The claims for damages for enumerated physical injuries amount to a total of $4,000 and were listed in plaintiff's petition as follows:

"1.  Loss of tooth                     $300.00
"2.  Cerebral concussion                500.00
"3.  Permanent scar on
     cheek                              150.00
"4.  Muscle sprain, multiple
     bruises over right cheek,
     bridge of nose, left forearm,
     left forehead, both knees
     and knuckles of left
     hand                              1050.00
"5.  Mental pain, suffering and
     anguish and eleven days
     confinement in Minden
     Sanitarium                       2000.00"

It is clearly shown that the claim for the loss of a tooth was unjustified. Plaintiff's only loss amounted to the breaking of a denture consisting of one "false" tooth, which she, herself, testified could be replaced for the nominal sum of $7.50. This charge has already been considered and approved under plaintiff's claim for medical expenses, and it follows that plaintiff is not entitled to any further allowance with respect to this item.

The cerebral concussion, for which plaintiff claims the sum of $500, consisted of a severe but temporary concussion or contusion of the scalp with accompanying *746 subdural swelling and inflammation. Unquestionably this injury, though temporary, was exceedingly painful for a brief period of time, and caused plaintiff acute pain and, possibly, some considerable amount of mental anxiety and apprehension. Under the circumstances of fact disclosed by the testimony of plaintiff and her attending physician, we are not prepared to conclude that the allowance of this amount was excessive.

The claim for permanent scars on plaintiff's cheek in the sum of $150, as we have hereinabove noted, is entirely justified.
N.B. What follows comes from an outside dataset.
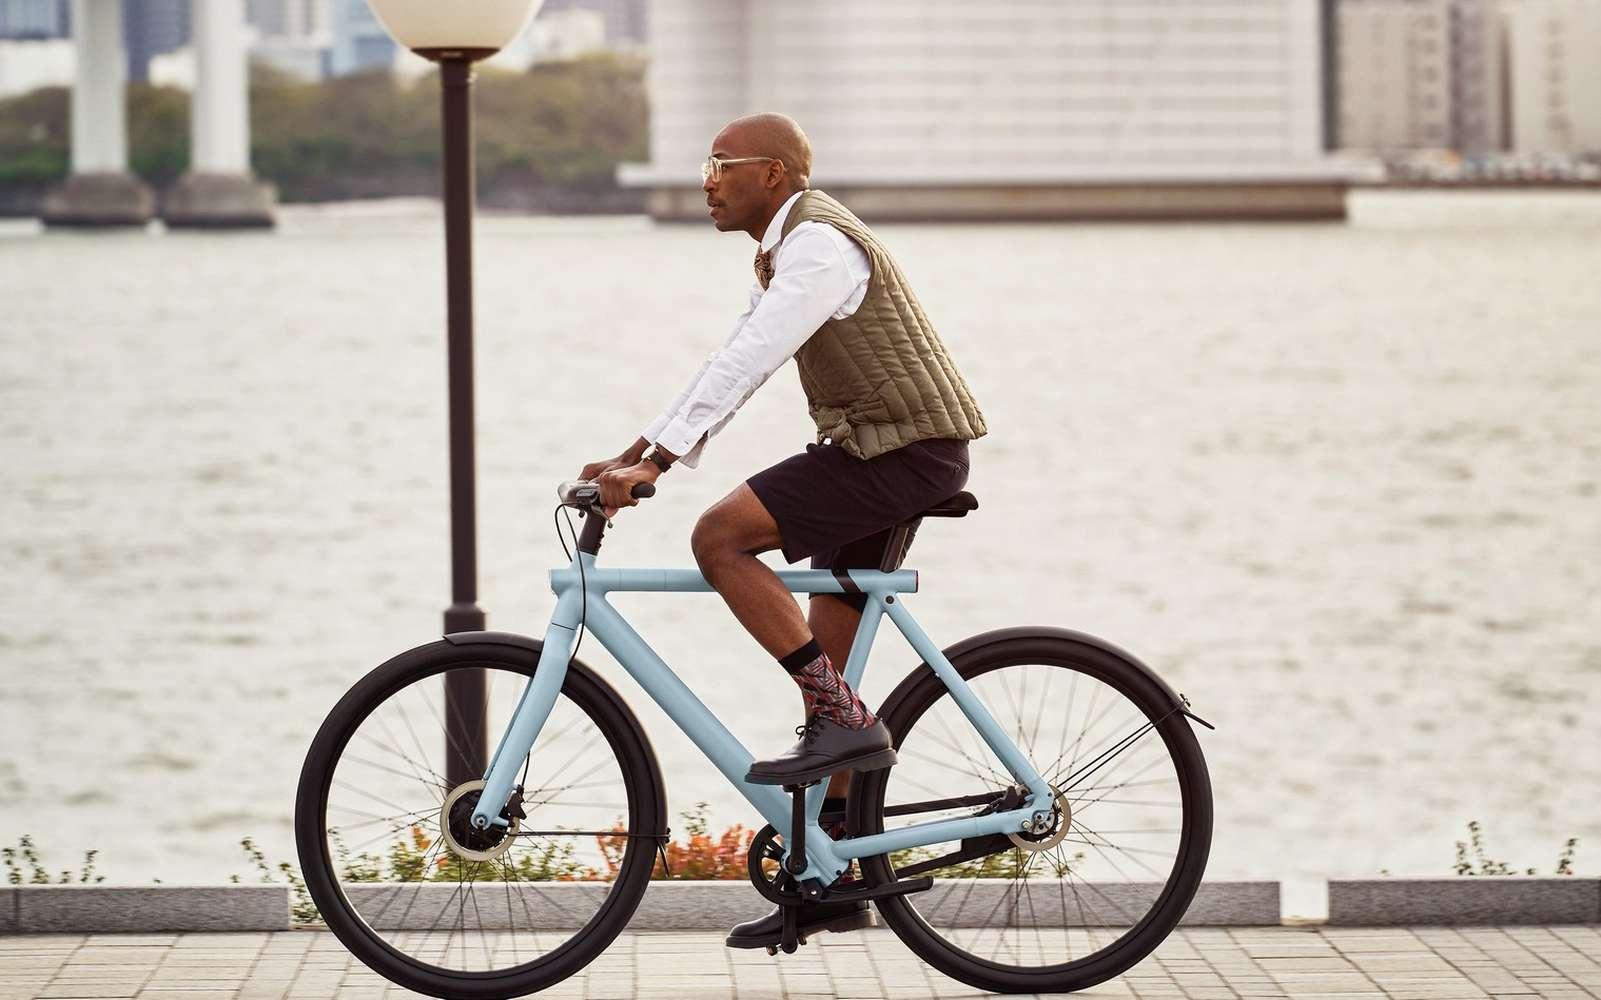 Le VanMoof S3 se destine aux cyclistes de grande taille, entre 1,70 et 2,10 mètres. © VanMoof
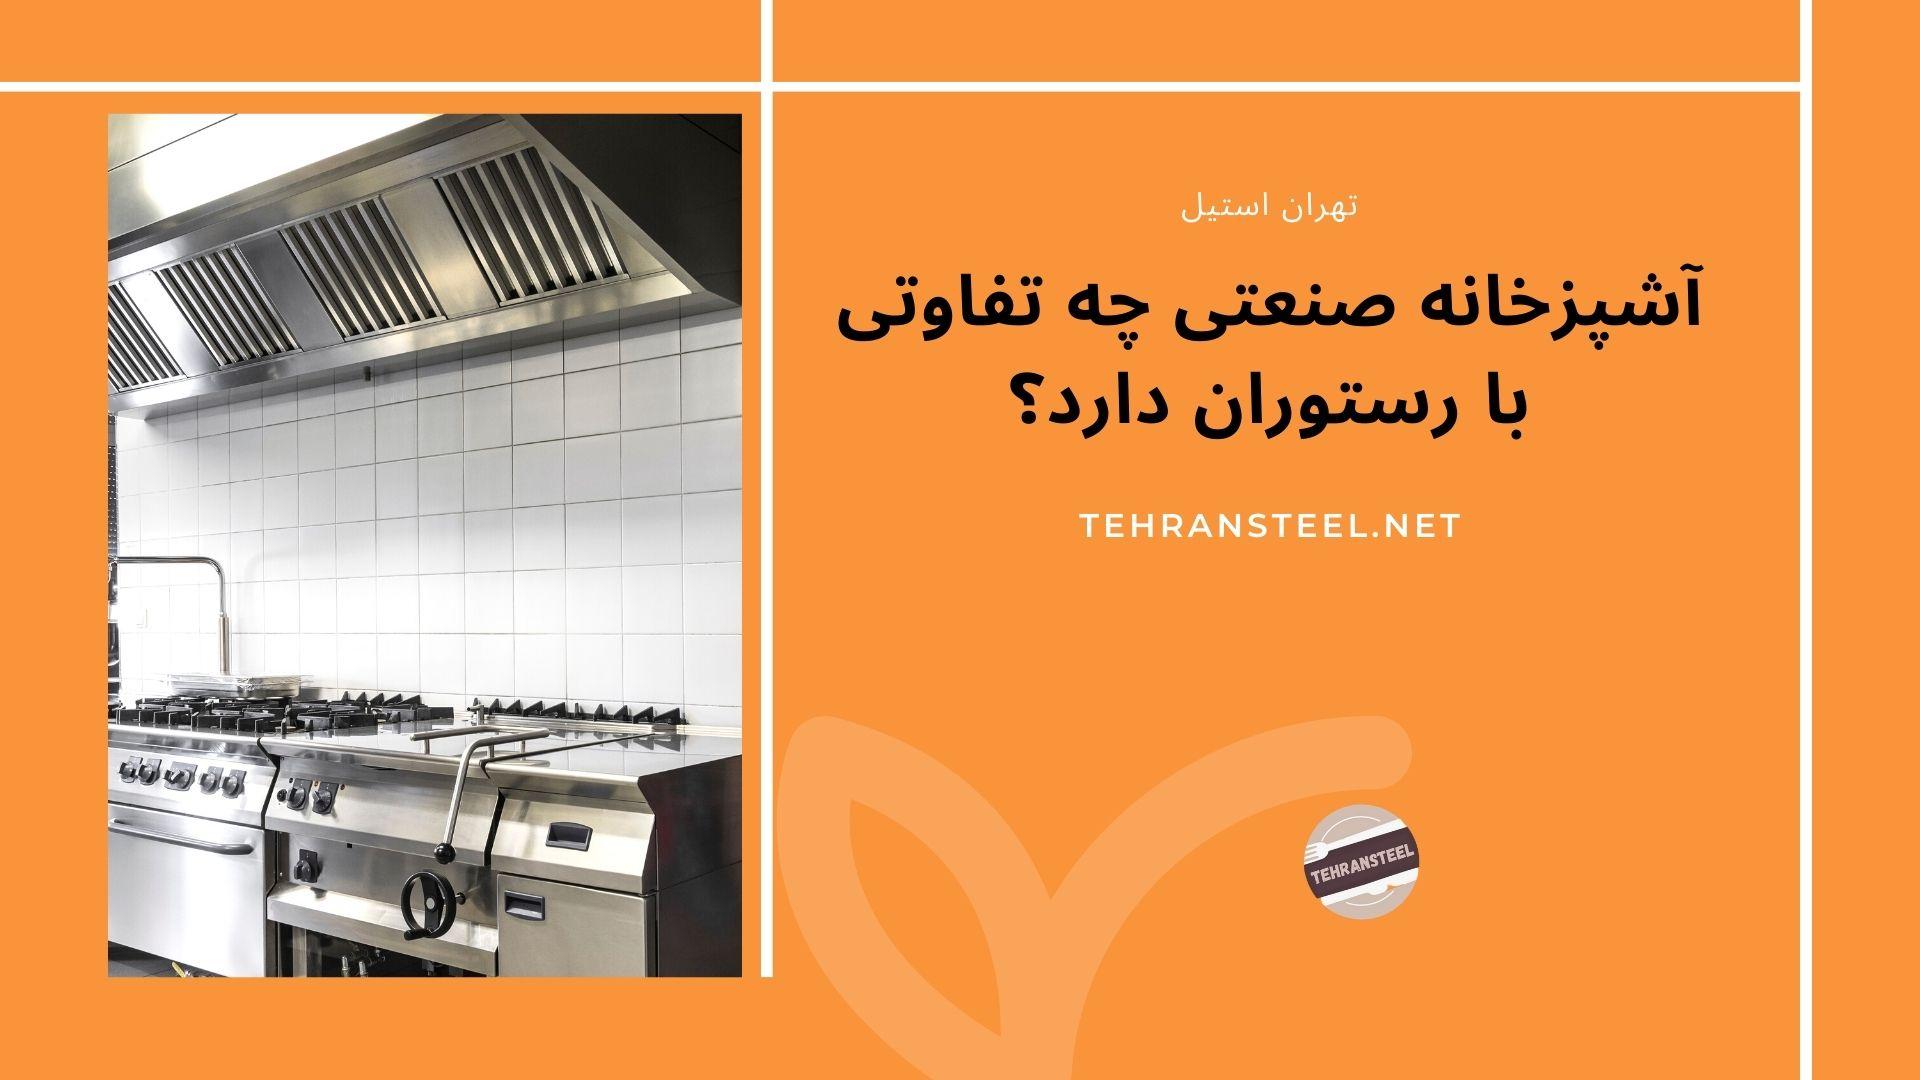 آشپزخانه صنعتی چه تفاوتی با رستوران دارد؟

The numerous sprains, bruises and abrasions claimed under item 4 above, together with the damages sought for mental pain, suffering and anguish properly come under one general category and are not susceptible of being separately considered, evaluated and apportioned in dollars and cents. These matters are generally comprehended in a lump sum allowance in the nature of damages for both physical and mental pain and suffering, and their effect and nature is not increased, either in intensity or importance, by detailed and separate specifications. Our consideration of the record leads us to the conclusion that the award for these items is grossly excessive. As we have noted, plaintiff sustained no permanent injury of any nature and no residual injuries or physical damage extended beyond a period of several weeks. Doubtless plaintiff suffered some acute and severe pains for a brief period of time, some aches and pains of considerably lesser severity for a longer period, and some inconvenience resulting from her physical injuries. However, this entire period of suffering and inconvenience lasted for only five or six weeks before plaintiff was physically able to return to full-time employment. We are unable to conclude that this nature, degree and extent of physical suffering justifies the allowance of the very substantial amount which was found by the district judge.

In addition to the allowance for property damages, for loss of wages, for hospital and medical expenses, for the permanent scar, for the cerebral concussion, we think an award of $1,000 would represent adequate compensation for the injuries sustained.

In view of the fact that the settlement made with Miss Lee and her insurer, Delta Fire and Casualty Insurance Company, effected the discharge of plaintiff's claims against these defendants, we think it unnecessary to complicate the judgment in this case by any reference to such amounts as may have been received by reason of this settlement.

For the reasons assigned the judgment appealed from is amended and recast to read as follows:

It is ordered, adjudged and decreed that there be judgment in favor of plaintiff, Mutell McCrory, and against the defendants, Lloyd Hammontree and the Great American Indemnity Company, jointly and in solido, in the full sum of $2,217, with interest thereon at the legal rate from April 14, 1956, until paid, together with all costs of both courts.

It is further ordered, adjudged and decreed that the fee of Dr. C. S. Sentell is fixed in the sum of $50, to be charged as costs against defendants-appellants.